Сейчас Россия по числу судимых и осужденных к лишению свободы находится на уровне СССР первой половины 1960-х годов. Притом что ее население уступает Советскому Союзу 1960-х в полтора раза. Увеличение населения лагерей в 1990-х годах до миллиона человек (!) можно объяснить ростом преступности и несовершенством Уголовного кодекса, не успевавшего за изменениями общественной и политической системы, а жесткость правоохранителей – стремлением устрашить потенциальных нарушителей закона. Но и сегодня в России в год осуждается почти в два раза больше граждан, чем в РСФСР[308].

С июля 2002 года предварительное заключение под стражу в России возможно только по суду, Уголовно-процессуальный кодекс и закон об адвокатуре предписывают в кратчайший срок предоставлять задержанному адвоката. В декабре 2003 года была отменена уголовная ответственность за мелкие преступления. Но, несмотря на позитивные изменения, правоохранительная система остается по преимуществу «обвинительной».

Принципиально важно даже не то, что суды выносят почти исключительно обвинительные приговоры. У судей тоже отчетность, им тоже нельзя допускать сбоев в работе, а оправдание или отмененный высшей инстанцией приговор – в их системе координат – это сбой. Именно поэтому фактическое решение о виновности лица и реальный сбор доказательств происходят до возбуждения уголовного дела. Судье достаются уже «верные» дела. Еще одно обстоятельство, делающее правосудие по сути неправовым, состоит в том, что виновность человека определяется на том этапе (до суда), когда ответственность правоохранителей за свои действия минимальна, а права подозреваемого ничем еще не защищены[309].

И еще одно обстоятельство, существенное и до, и во время суда. Возможности защиты несопоставимы с возможностями обвинения. Материалы дела, которое рассматривается в суде, собирает прежде всего следователь. Сбор доказательств обвинения регламентируется 103 статьями российского Уголовно-процессуального кодекса, доказательств защиты – всего тремя. Адвокат, в отличие от следователя, не имеет права назначать экспертизу, самостоятельно приобщать к делу доказательства невиновности подзащитного. Он может лишь ходатайствовать об этом перед судом и следствием, которые могут отказать ему в этом. Обжалование отказа – сложная и трудоемкая процедура.

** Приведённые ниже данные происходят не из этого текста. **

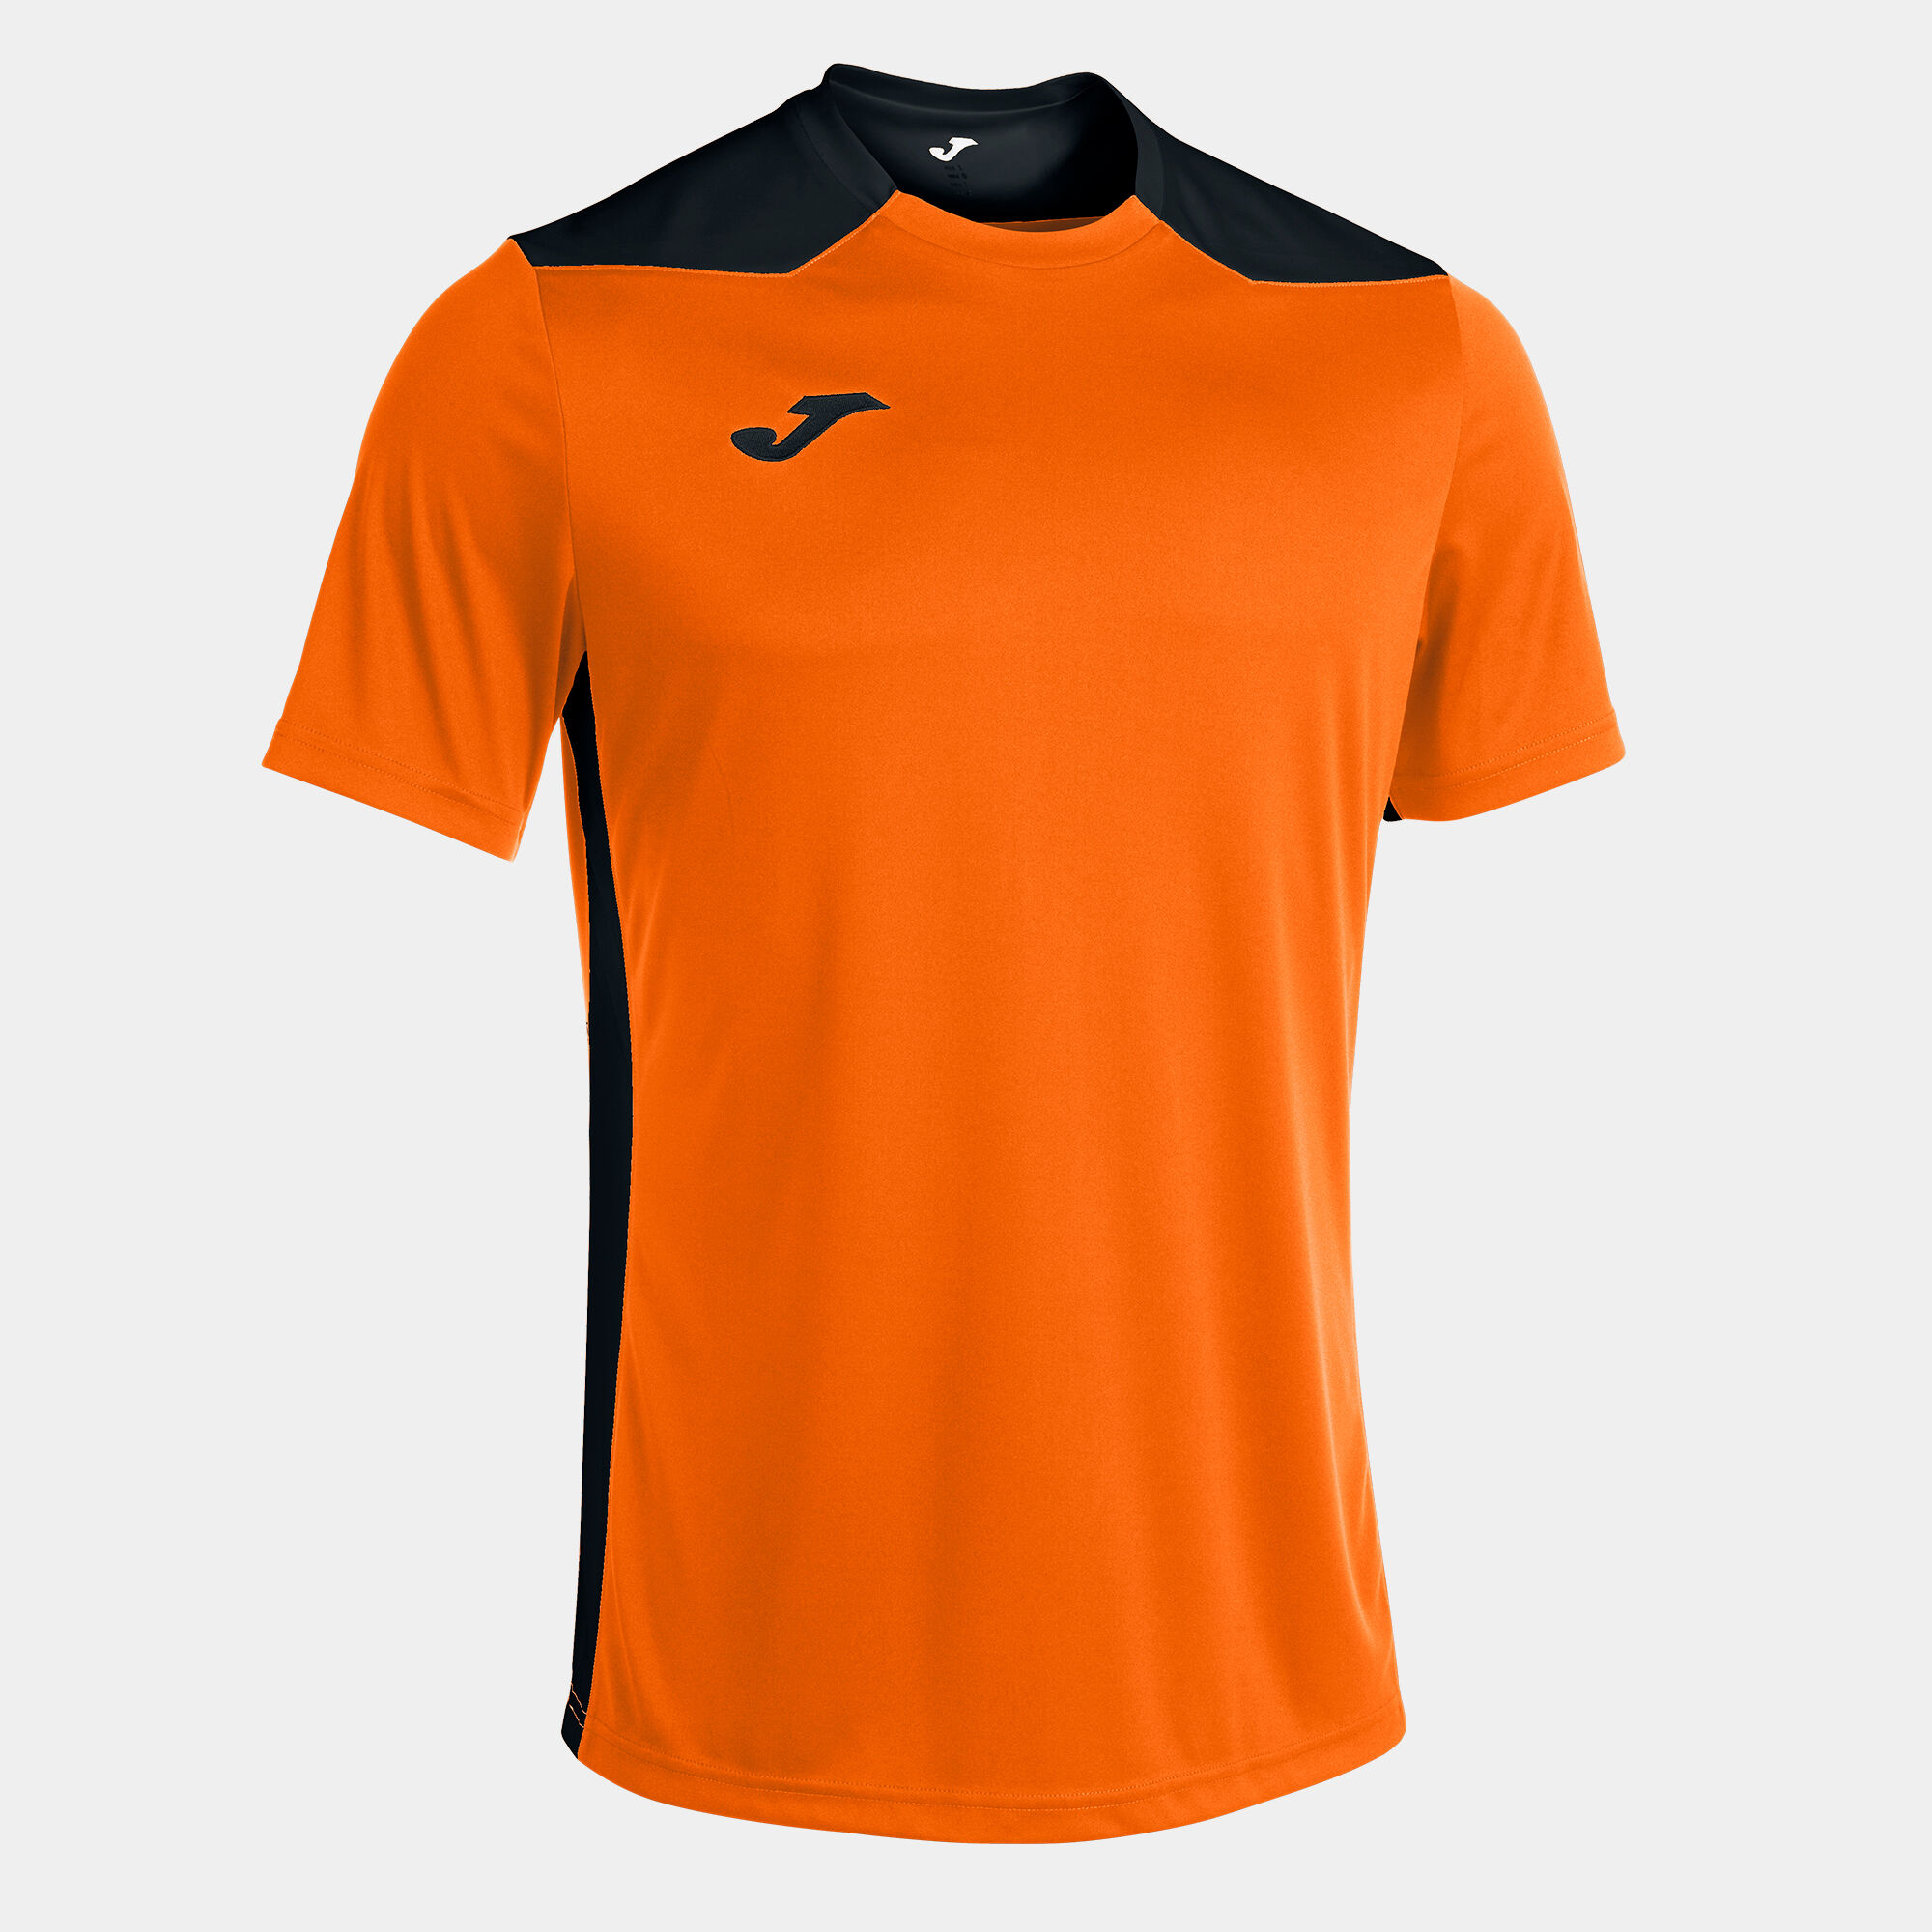 T-shirt manga curta homem Championship VI laranja preto

Исторически сложившиеся представления о том, что «органы не ошибаются», свойственны не только следователям и полицейским. Более трети судей в России – бывшие прокуроры и сотрудники милиции, сдавшие квалификационный экзамен, но не освободившиеся от неизбежных деформаций предыдущей профессии. Часто они не беспристрастно рассматривают дела, а продолжают «бороться с преступностью». Наконец, в наше время следователи и судьи осознали, что личная свобода обвиняемого, его возможность распоряжаться собственностью являются высоколиквидным товаром на рынке соответствующих услуг.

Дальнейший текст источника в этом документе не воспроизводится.